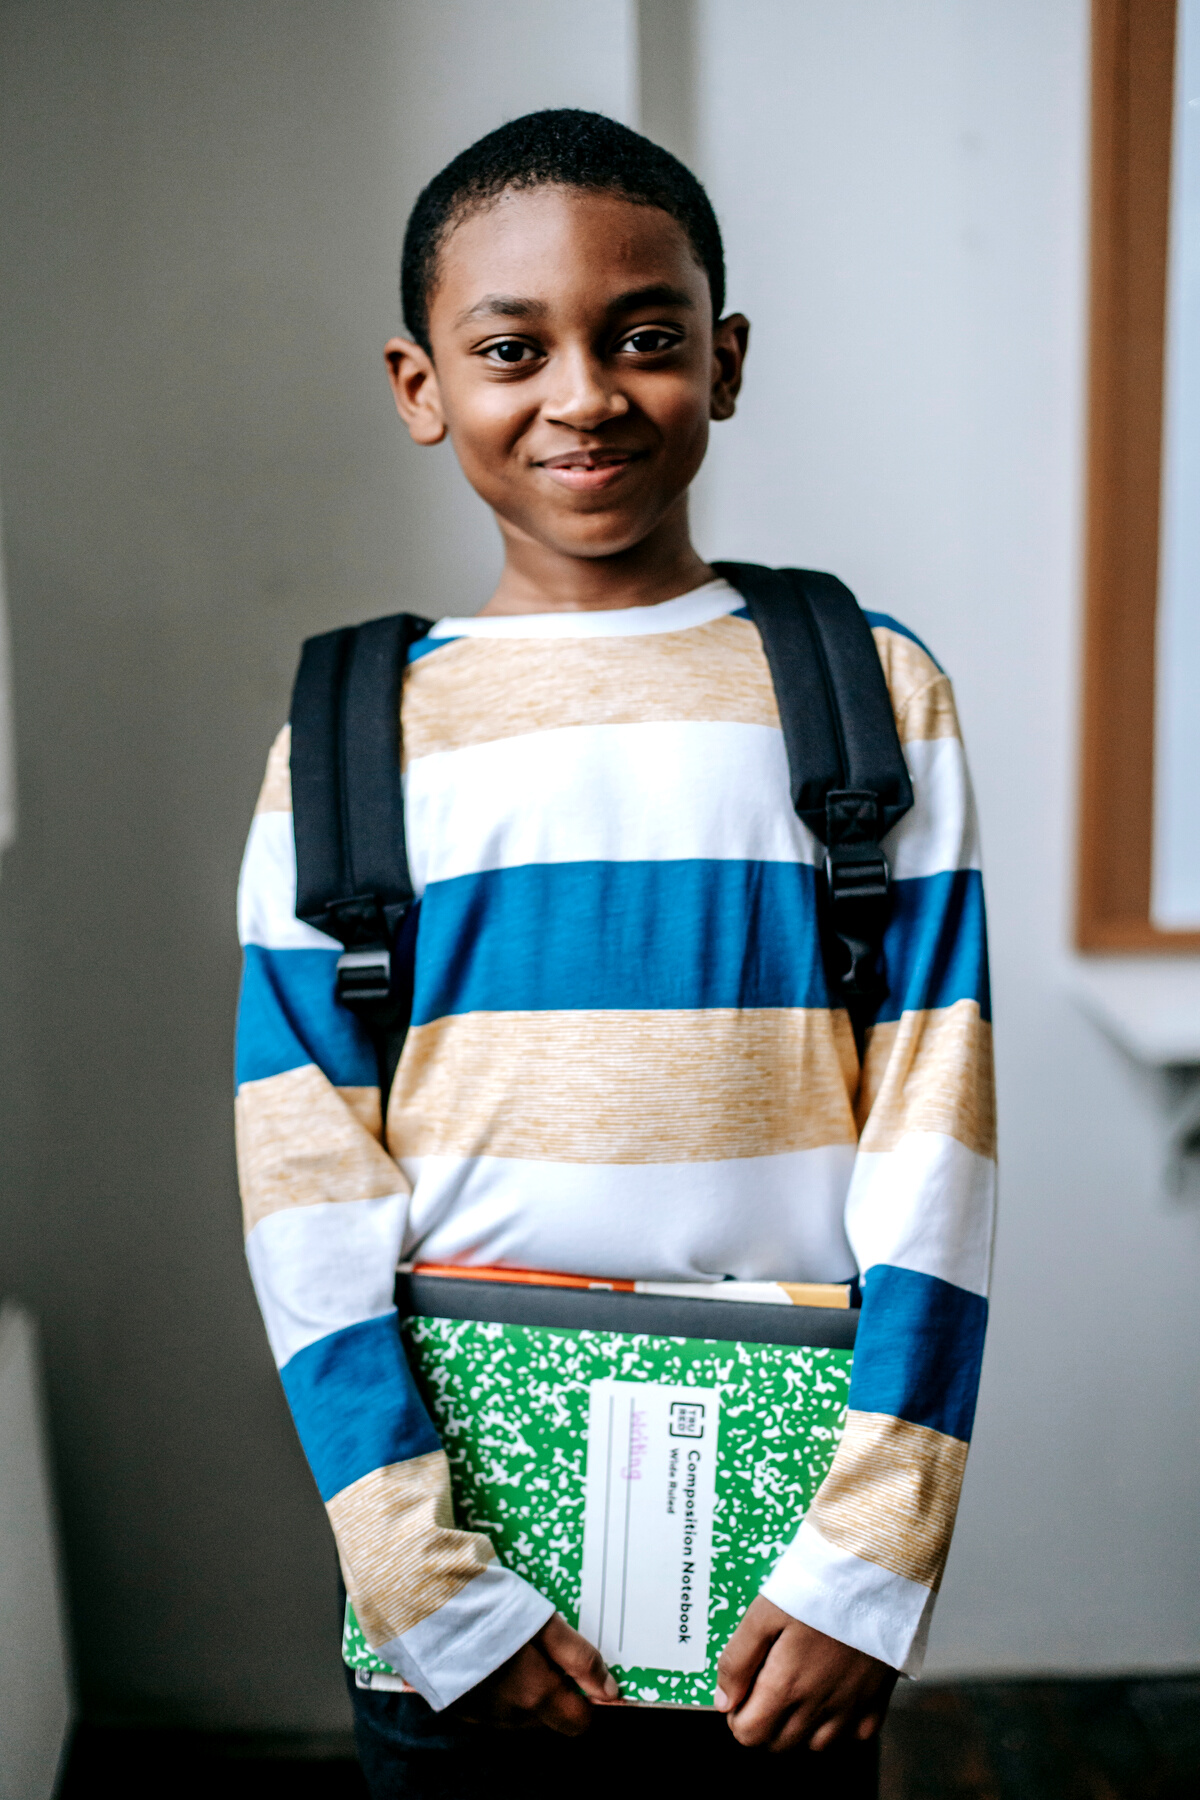 Smiling black child standing in classroom and looking at camera
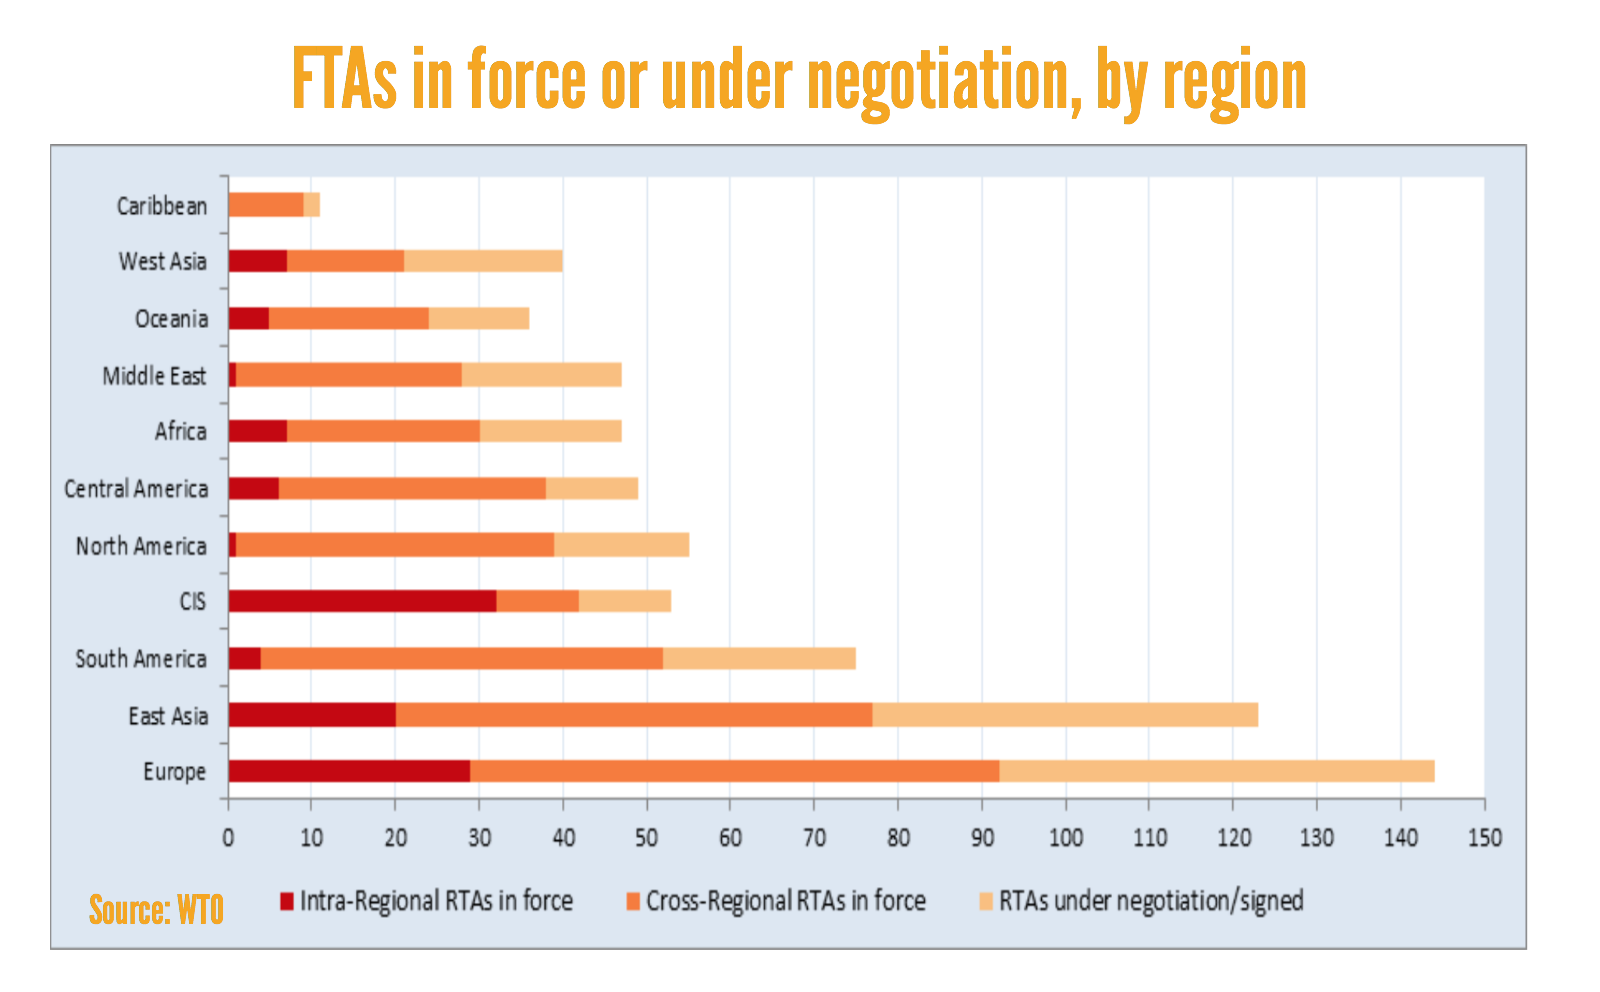 Free trade agreements in force or under negotiation by region
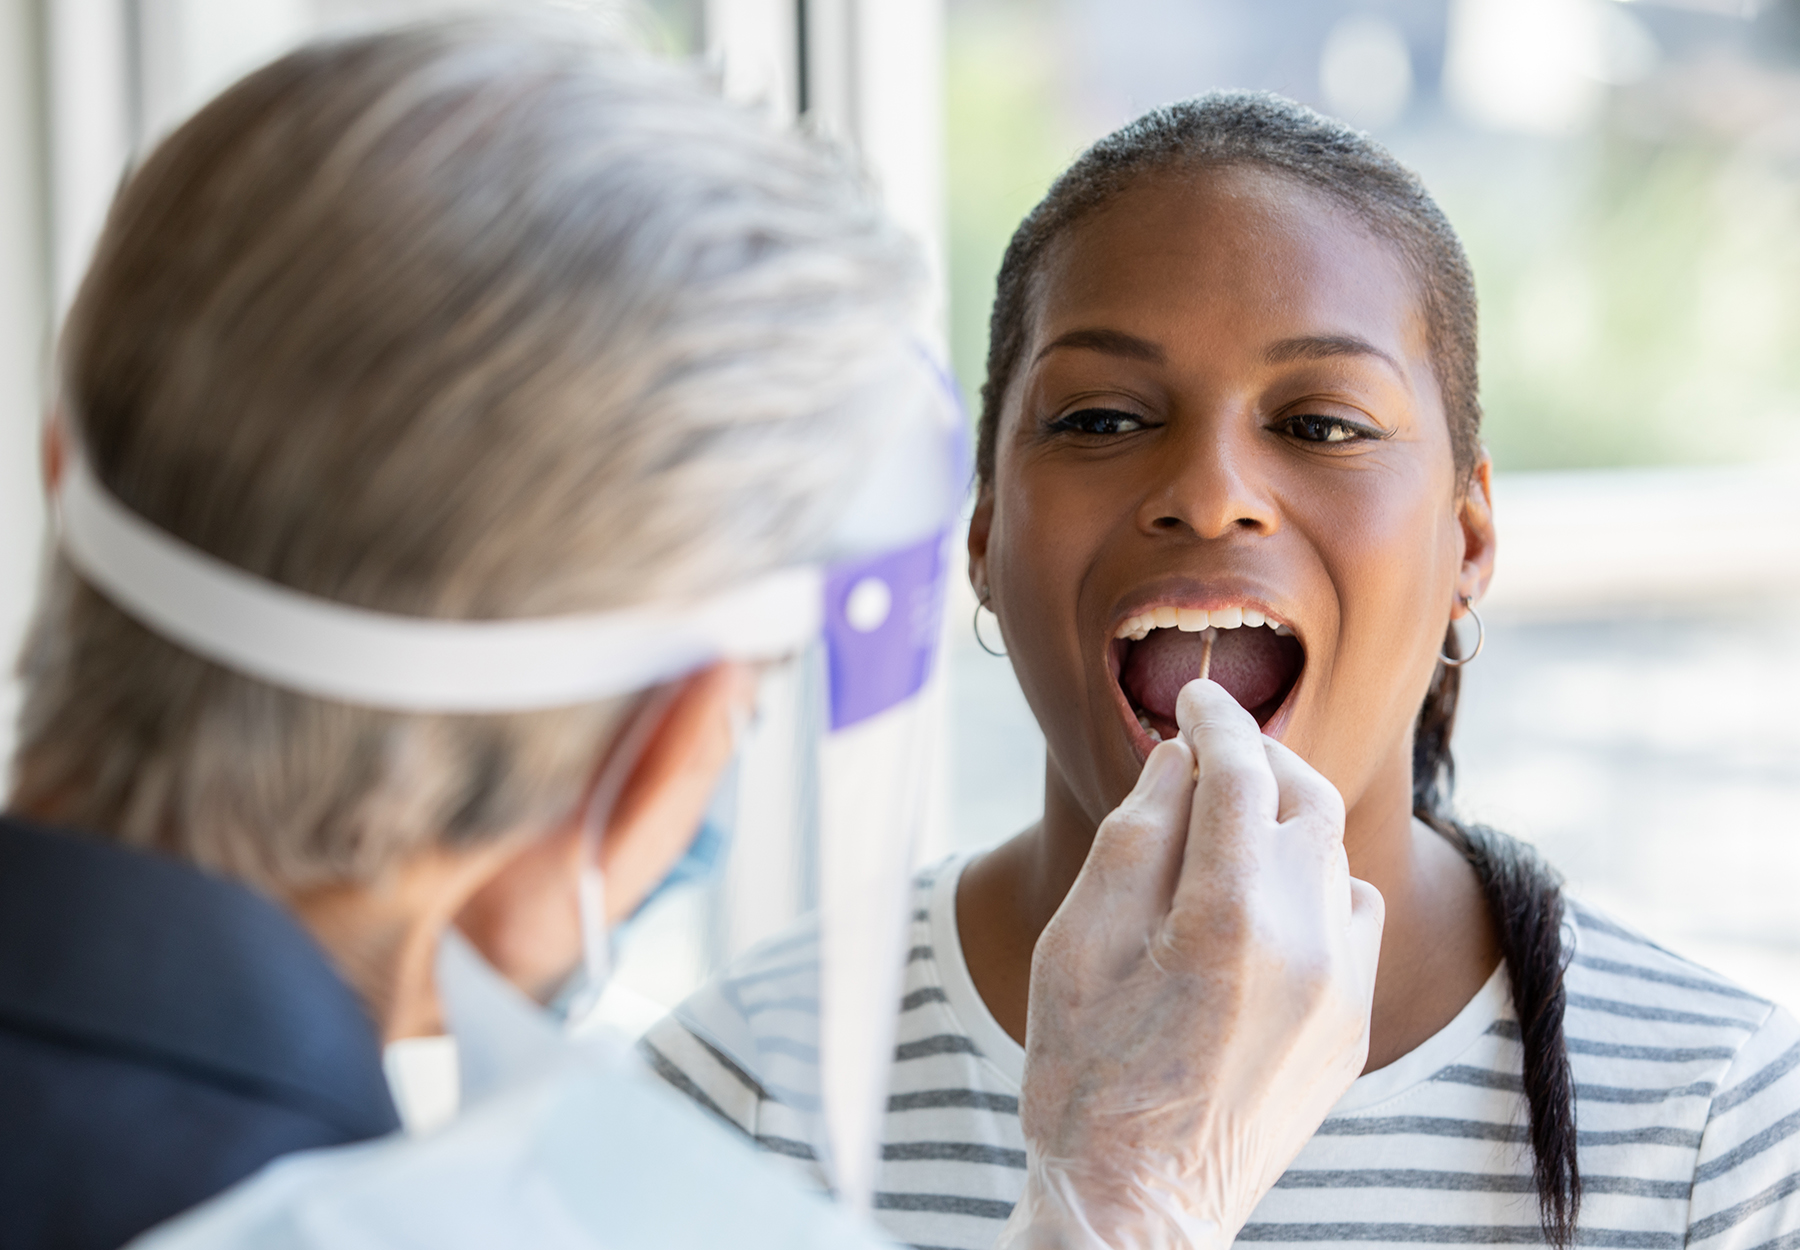 Medical worker with face shield taking a swab sample of a patient's throat. iStock image.

- - - -

● WHAT IS REQUIRED:
Only the pictures are to be dropped; all other material above must be repeated exactly.

● SOLVED EXERCISE:
 Smiling black child standing in classroom and looking at camera
 Free trade agreements in force or under negotiation by region
 Medical worker with face shield taking a swab sample of a patient's throat. iStock image.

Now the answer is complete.